A zaga continua formada por Tiago Coser e Jacy Maranhao. No ataque, a nova contratação Brian Ocampo amplia as opções pelos lados, mas ainda compete por um lugar com Lucas Ronier e Joaquin Lavega, enquanto Breno Lopes e Pedro Rocha seguem como os nomes principais para fornecer profundidade.
Para o Cruzeiro, Artur Jorge pode contar novamente com Gerson e Matheus Pereira, que cumpriram suspensões contra o Botafogo. Lucas Romero aparece como uma opção defensiva para fornecer solidez nessa área, com Matheus Henrique e Lucas Silva como alternativas em uma formação mais protegida.
Fagner serve uma suspensão automática após o terceiro cartão amarelo, com William assumindo a lateral direita. O ataque continua limitado por desfalques, aumentando a concorrência por lugares entre Marquinhos, Bruno Rodrigues, Wanderson e Keny Arroyo ao redor de Kaio Jorge. Cassio permanece indisponível, Otavio segue no gol, e Fabricio Bruno será monitorado após deixar a partida anterior se sentindo mal.

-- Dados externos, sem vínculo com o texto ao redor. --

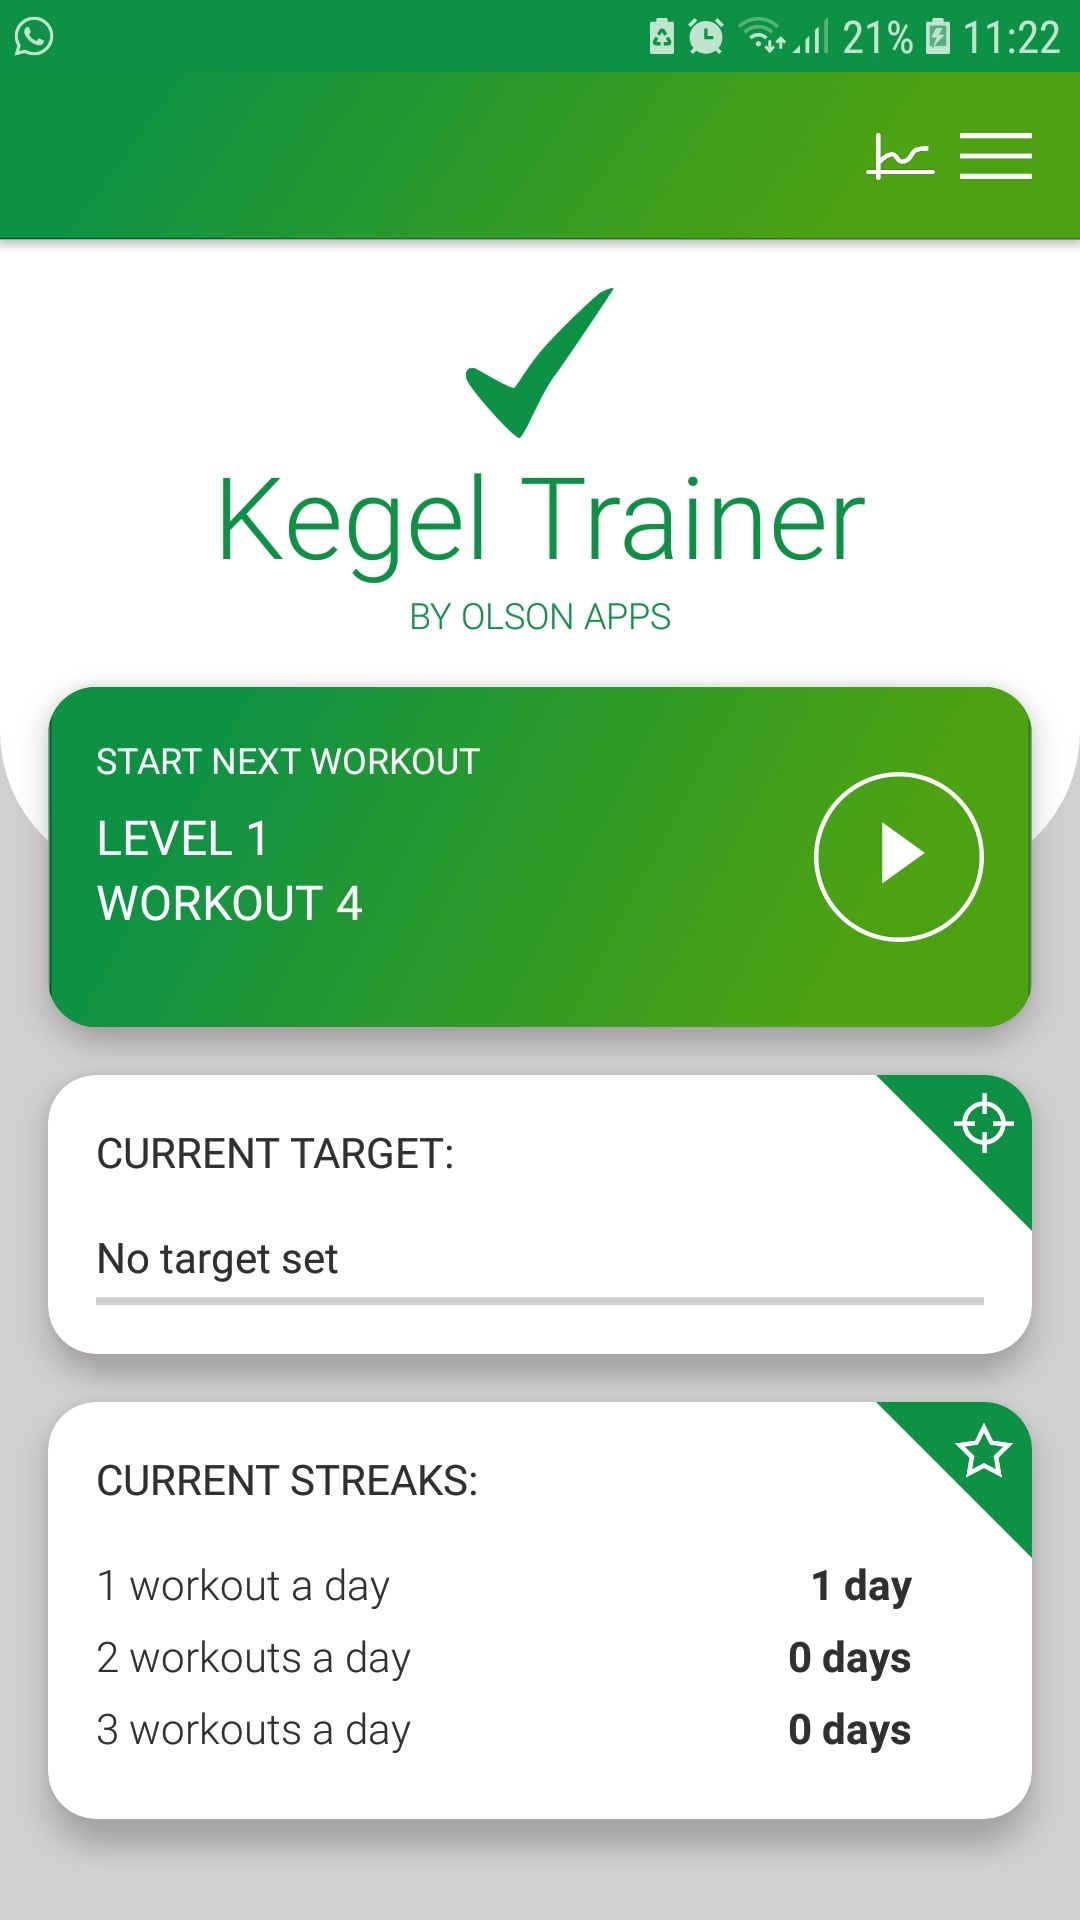 Kegel Trainer mobile prenatal exercise app

Coritiba provável escalação inicial:
Rangel; Tinga, Maranhao, Coser, Melo; Santos, Gomez, Josue; Ronier, Lopes, Rocha
Cruzeiro provável escalação inicial:
Otavio; William, Bruno, Jesus, Rojas; Romero, Gerson, Pereira; Marquinhos, Arroyo, Kaio Jorge
A projeção de empate se baseia em uma partida na qual ambas as equipes têm claras forças, mas também limitações evidentes. O Coritiba continua inconsistente no Couto Pereira, mas seu jogo de transição já mostrou a capacidade de prejudicar o Cruzeiro no início da temporada, e eles novamente enfrentam uma defesa vulnerável fora de casa.
O Cruzeiro, mesmo com retornos importantes, ainda pode sofrer com desfalques e instabilidade defensiva que têm caracterizado sua campanha, reduzindo a força de qualquer favoritismo fora de casa. Nesse equilíbrio entre a criatividade da Raposa e a resposta de transição do Coxa, um empate surge como o resultado mais lógico.